## EXERCISE
From the line containing "Vex Standard 420 Mobile-01.png" to the end of the data, retype every line exactly and nothing else. Drop the pictures.

## PROVIDED DATA
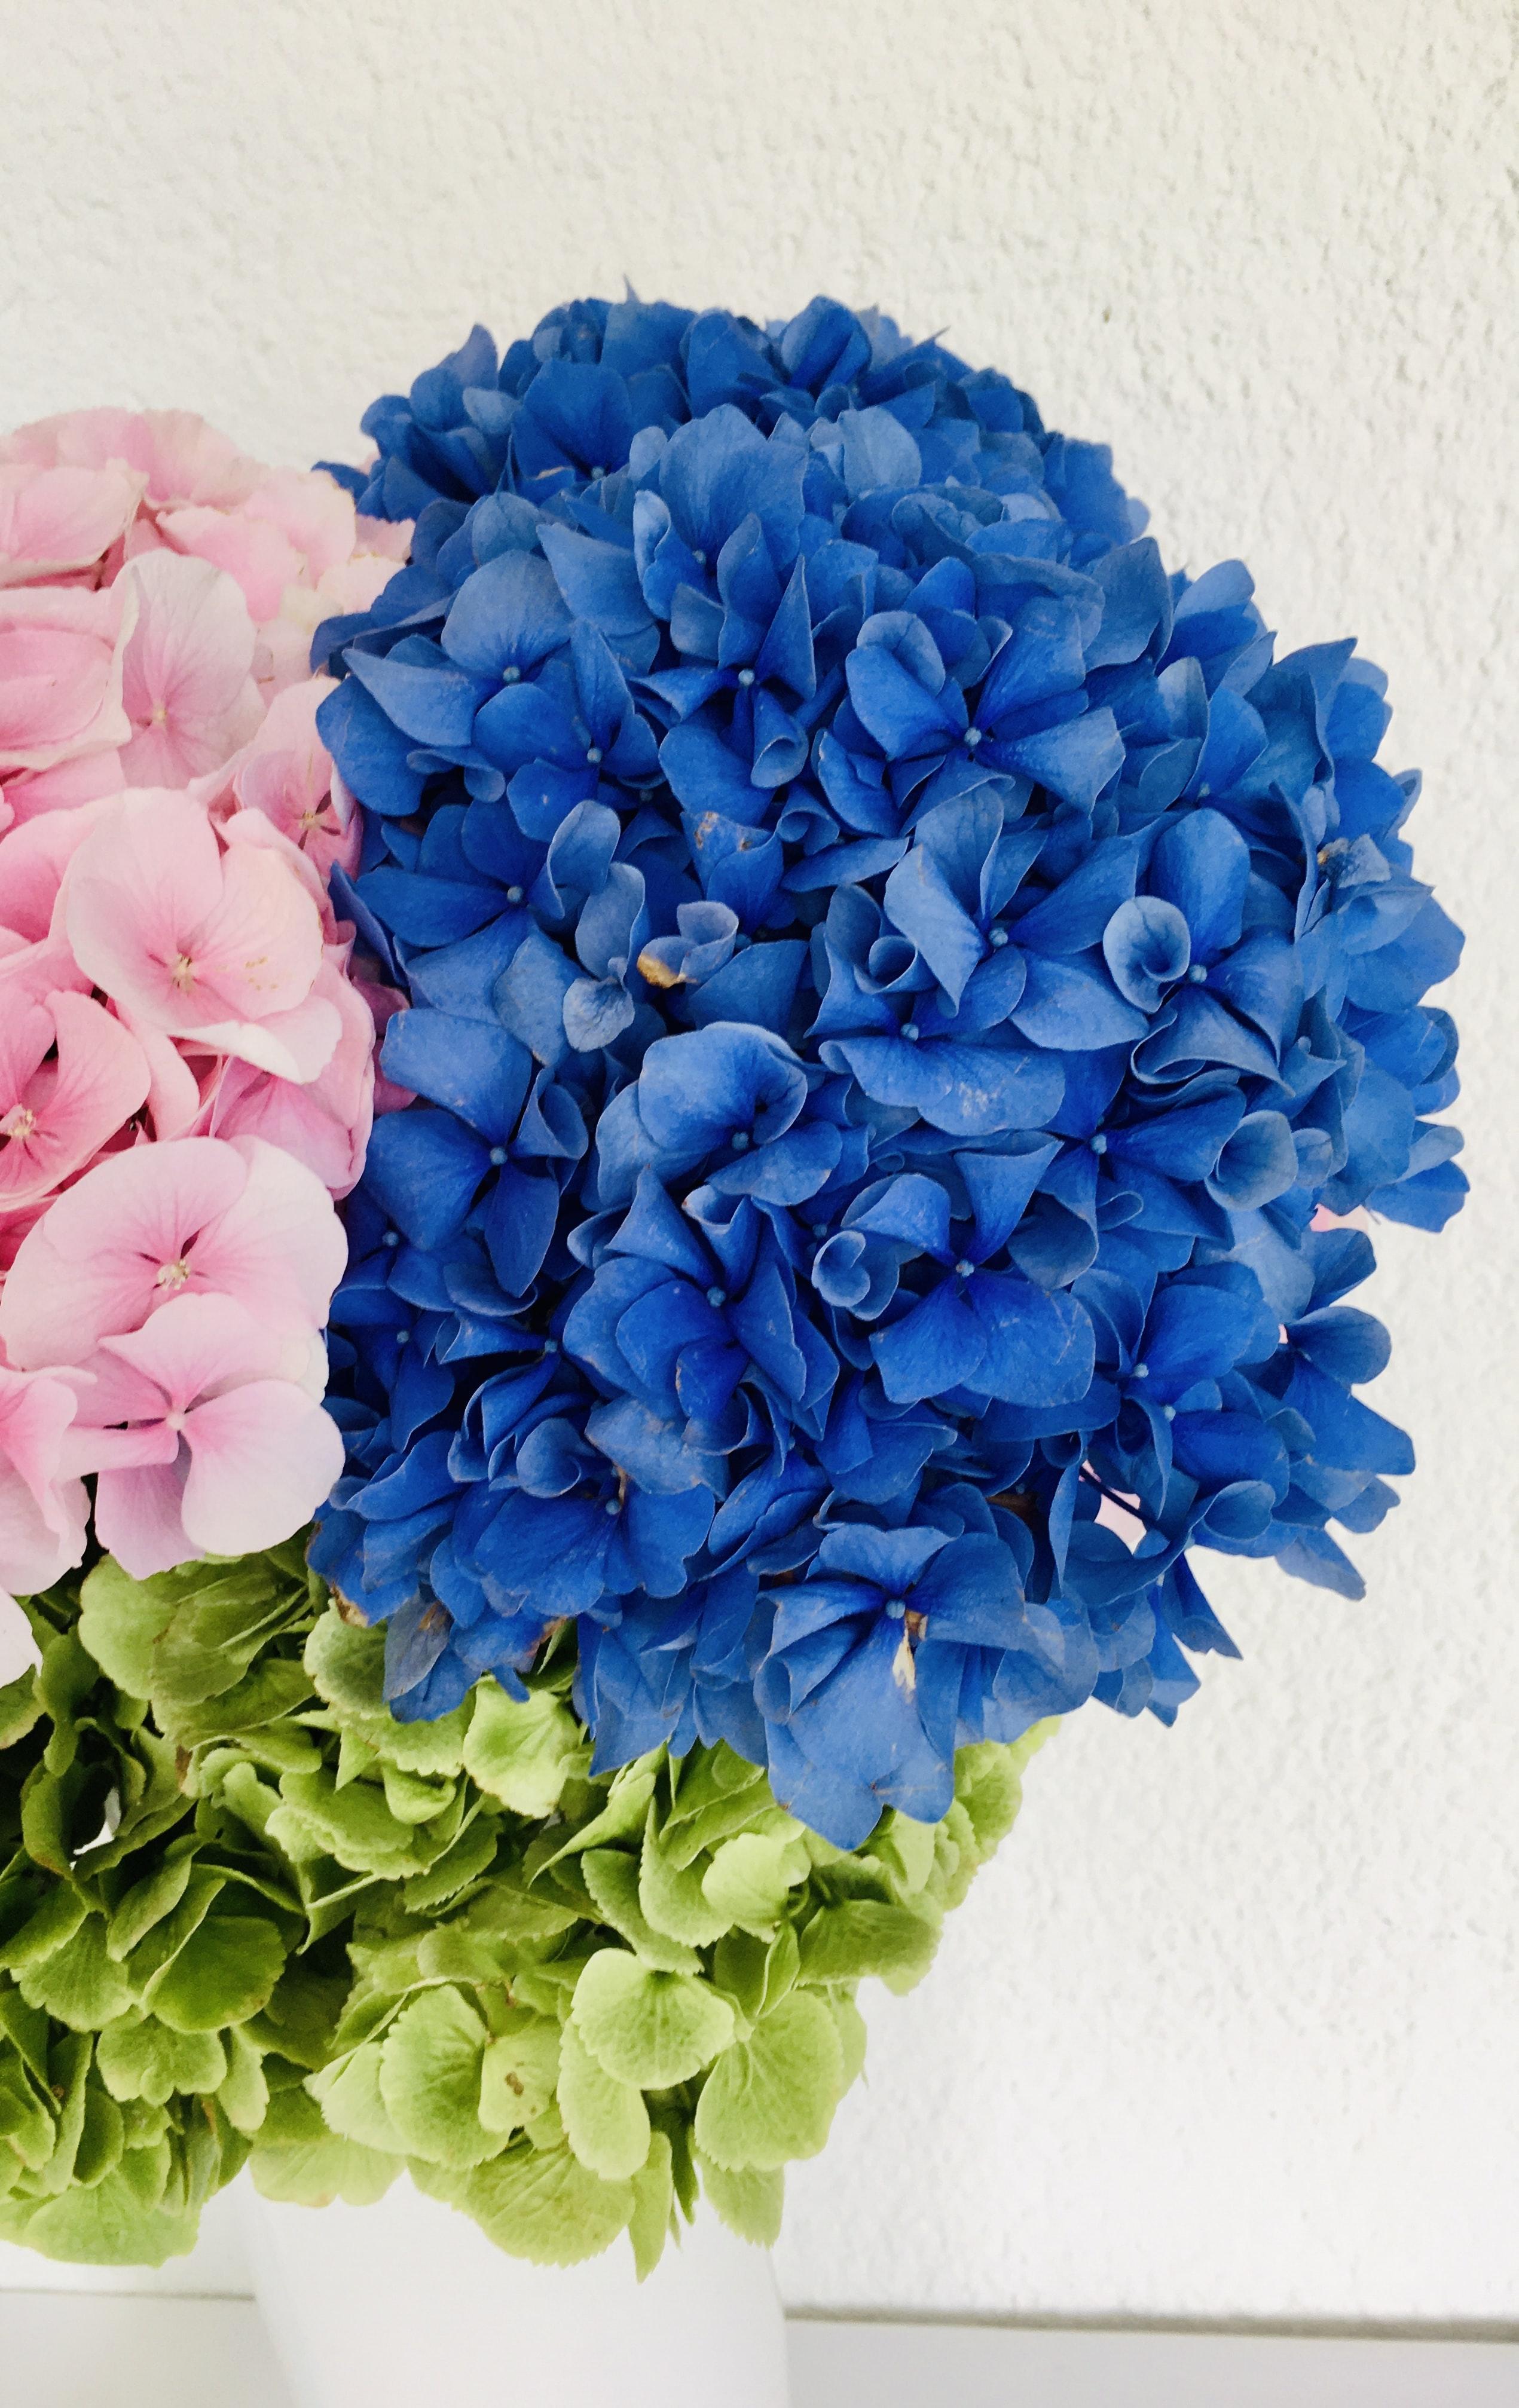 Blue Flower Bouquet On White Table Photo Free Flower Image On Unsplash
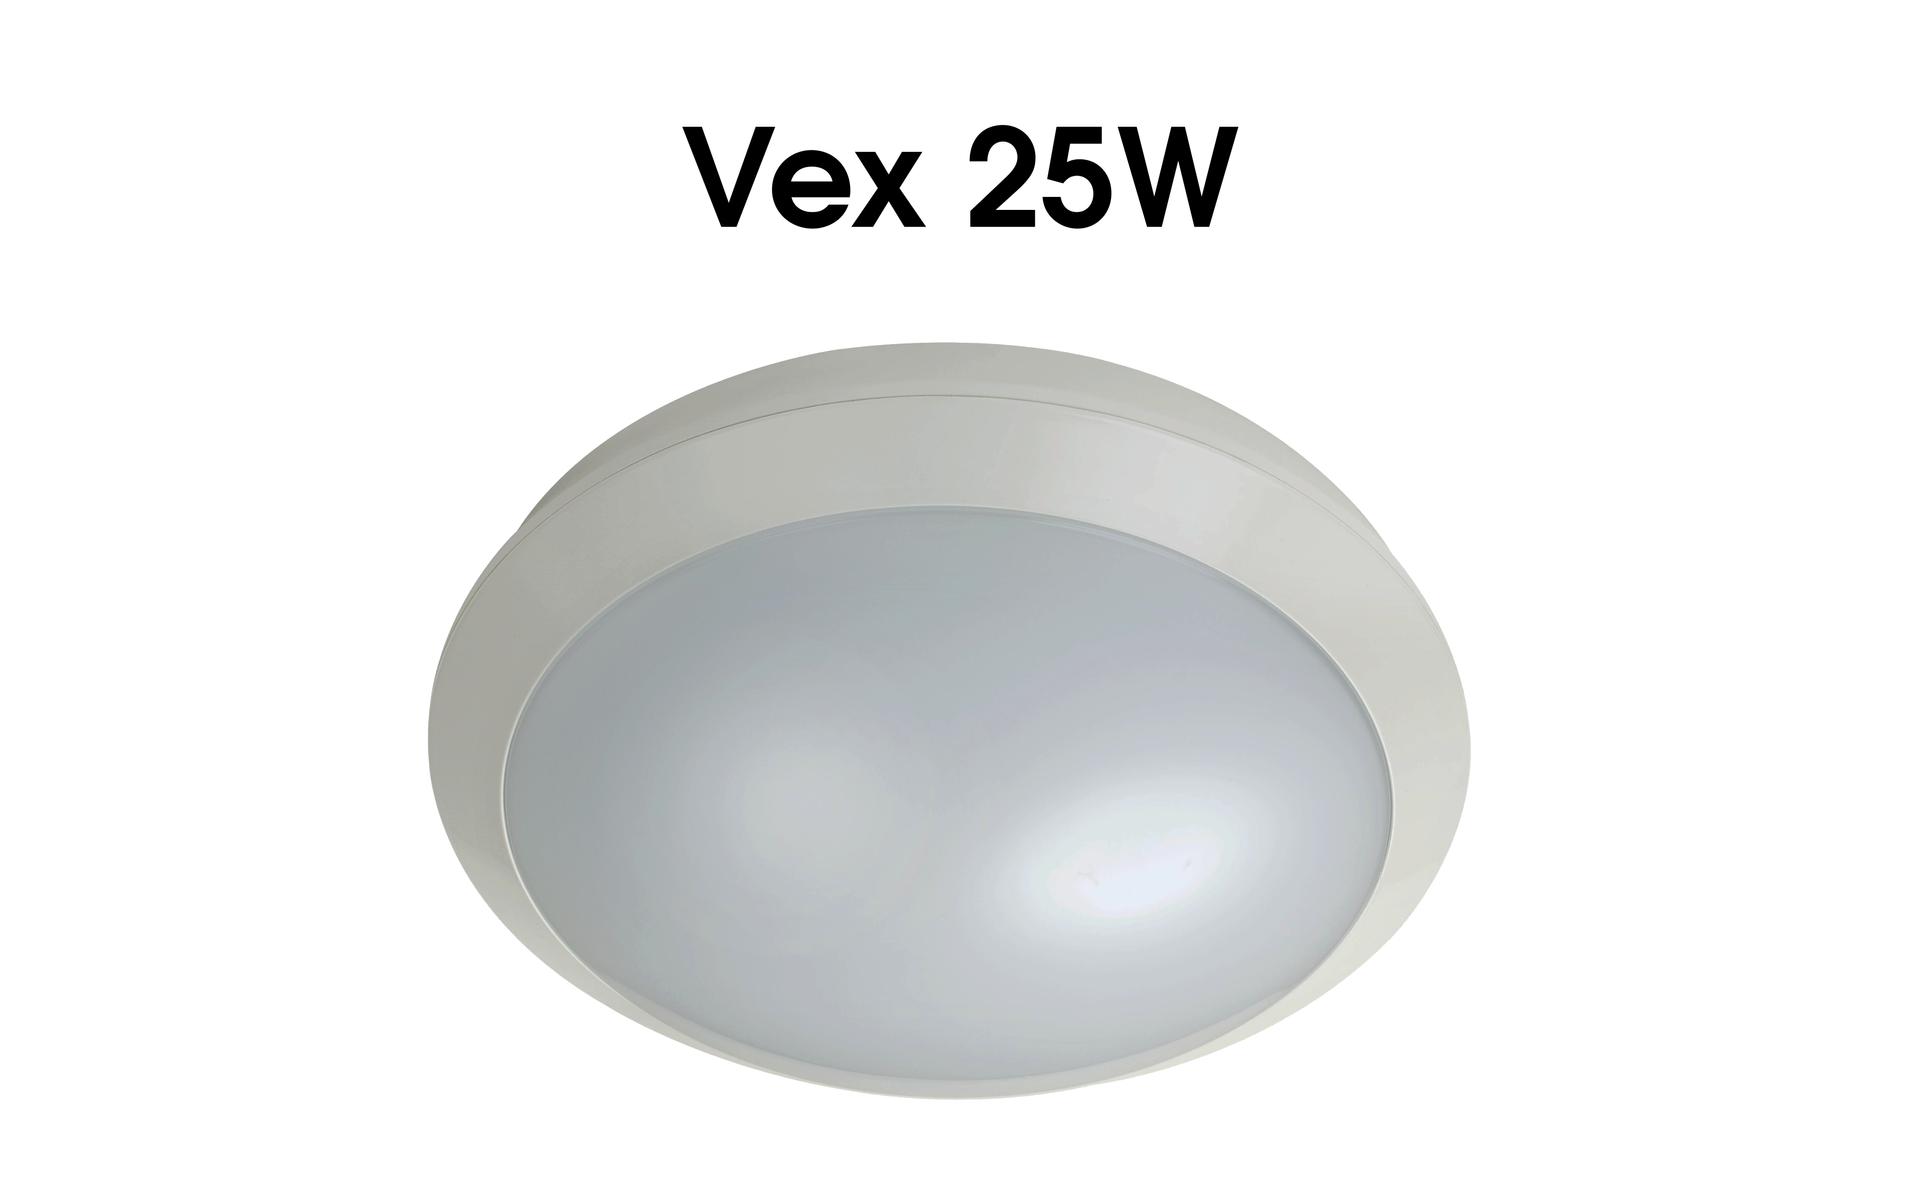 Vex Standard 420 Mobile-01.png
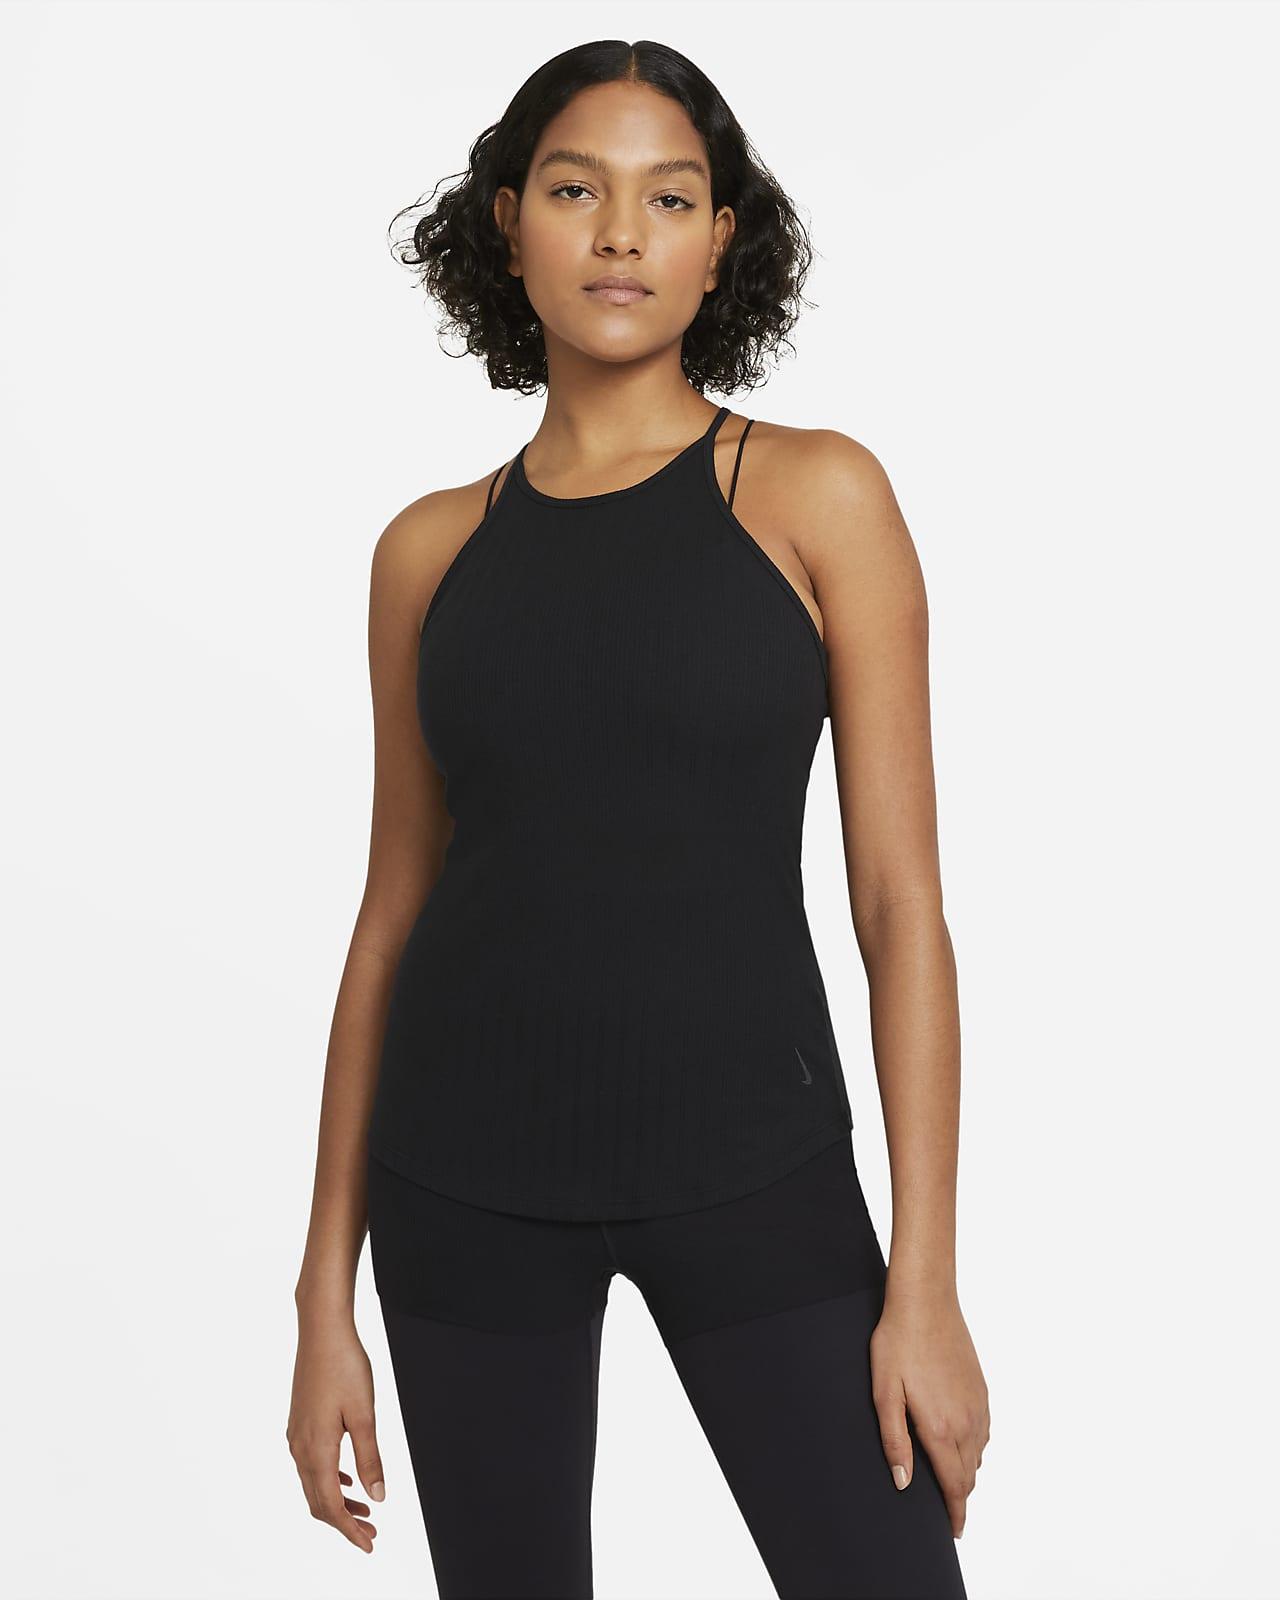 Linne Nike Yoga Pointelle för kvinnor

## REPLY TO THE EXERCISE
 Vex Standard 420 Mobile-01.png
 Linne Nike Yoga Pointelle för kvinnor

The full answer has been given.